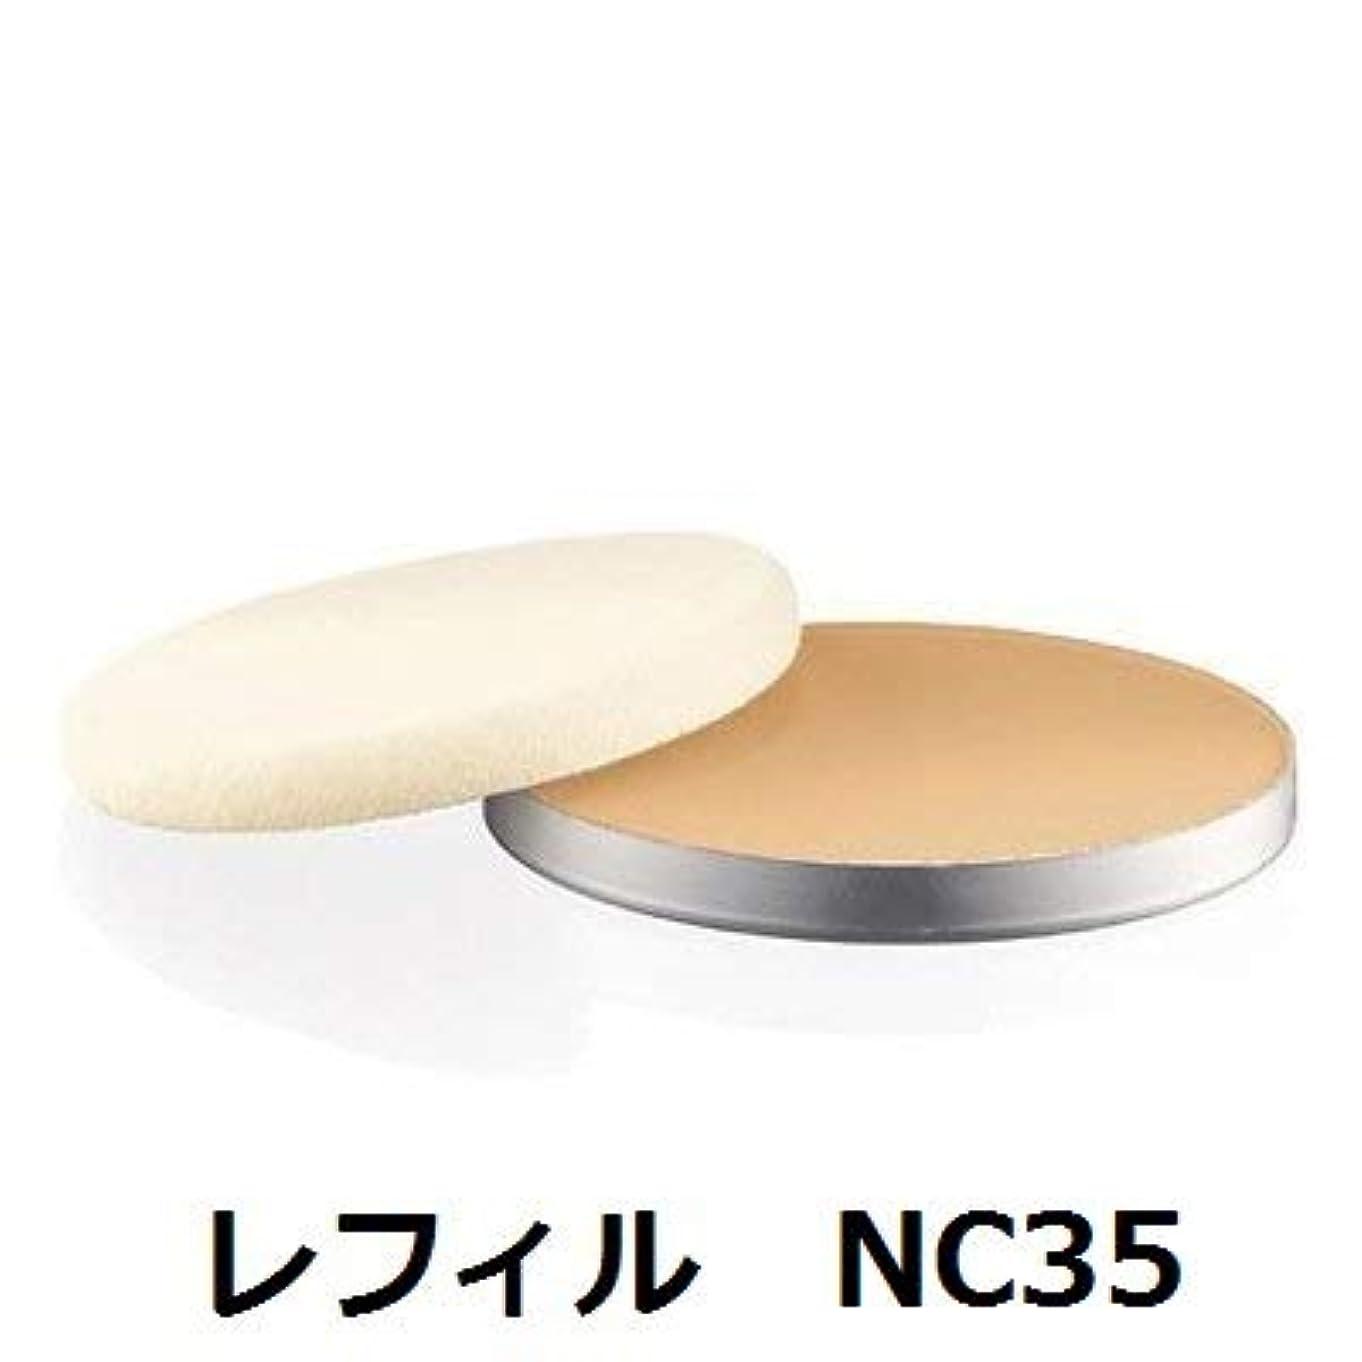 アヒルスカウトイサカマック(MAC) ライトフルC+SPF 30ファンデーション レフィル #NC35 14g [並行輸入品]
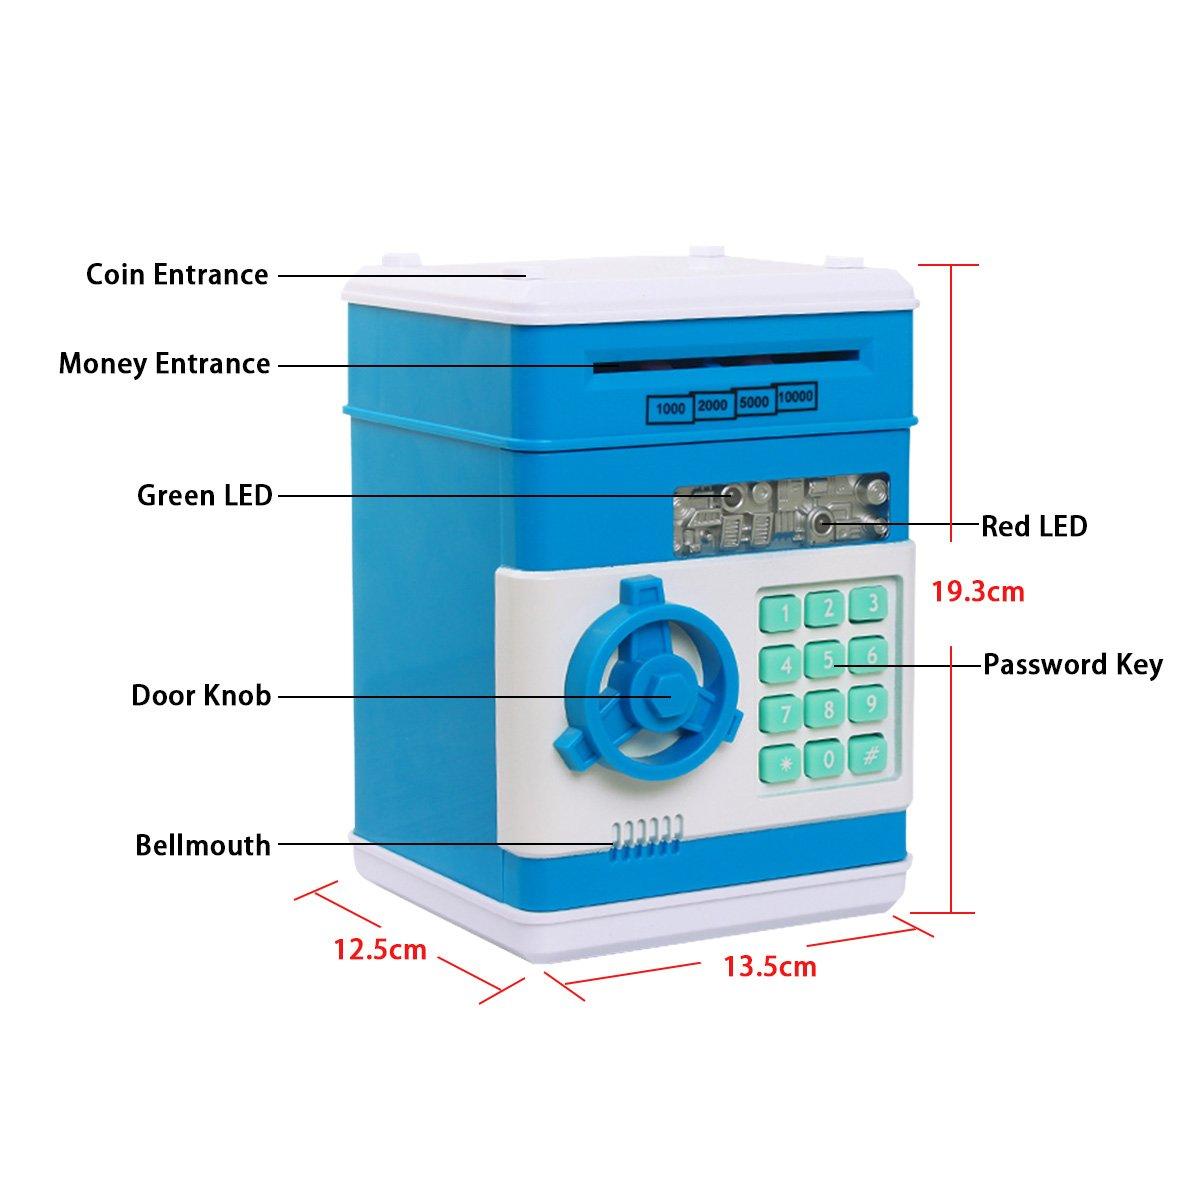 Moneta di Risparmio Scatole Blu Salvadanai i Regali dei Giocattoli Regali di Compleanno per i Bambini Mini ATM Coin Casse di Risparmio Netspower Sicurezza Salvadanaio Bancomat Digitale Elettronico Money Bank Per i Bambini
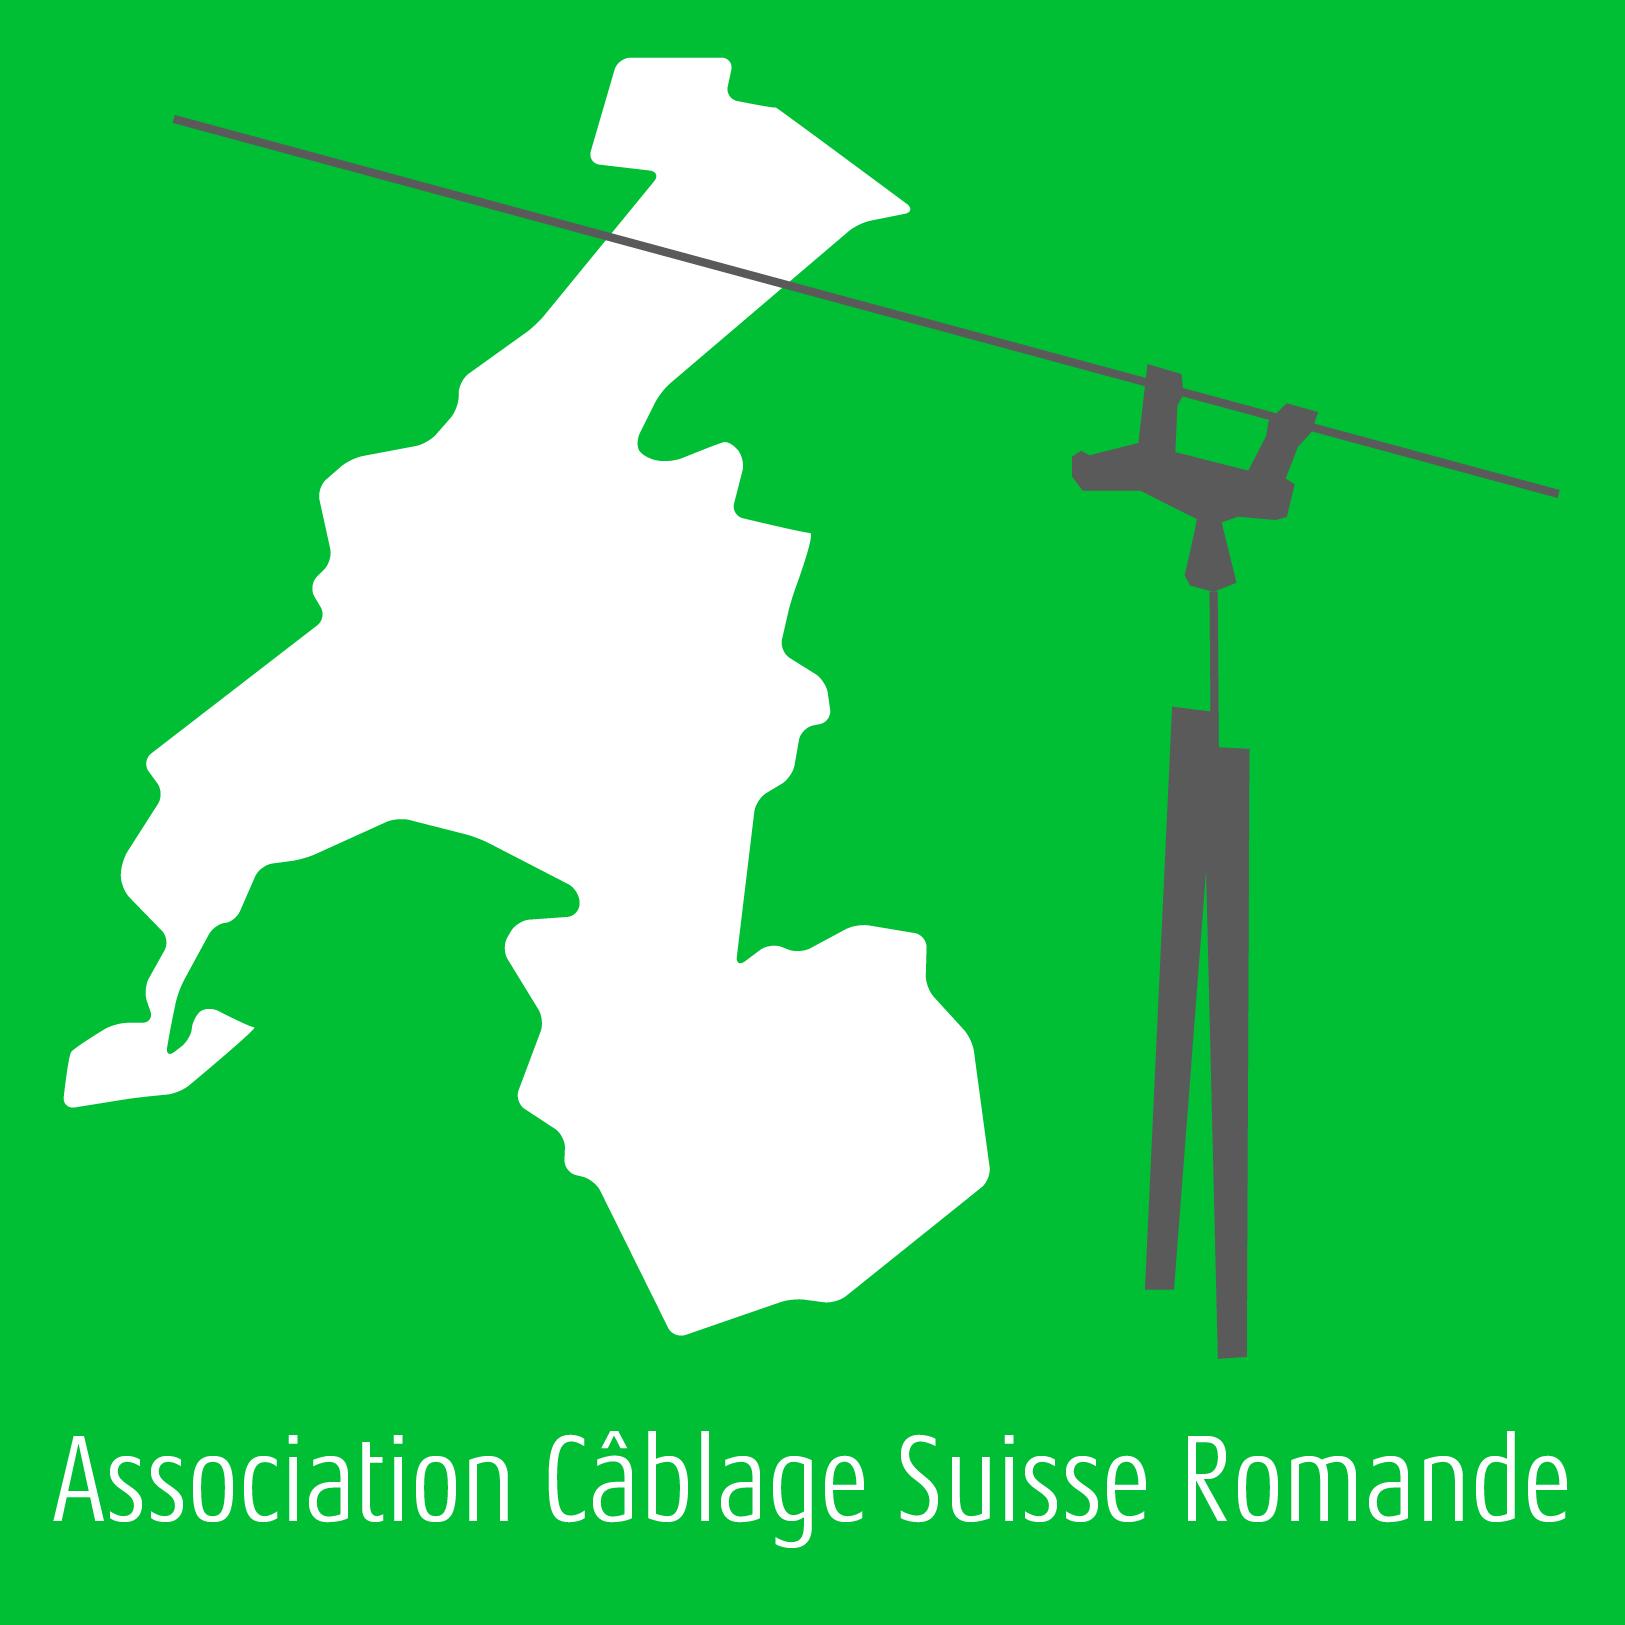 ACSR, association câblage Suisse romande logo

*Work request*. What this calls for is a word-for-word copy of the listing above, pictures excluded.

*Response for this exercise*.
 アヒルスカウトイサカマック(MAC) ライトフルC+SPF 30ファンデーション レフィル #NC35 14g [並行輸入品]
 Moneta di Risparmio Scatole Blu Salvadanai i Regali dei Giocattoli Regali di Compleanno per i Bambini Mini ATM Coin Casse di Risparmio Netspower Sicurezza Salvadanaio Bancomat Digitale Elettronico Money Bank Per i Bambini
 ACSR, association câblage Suisse romande logo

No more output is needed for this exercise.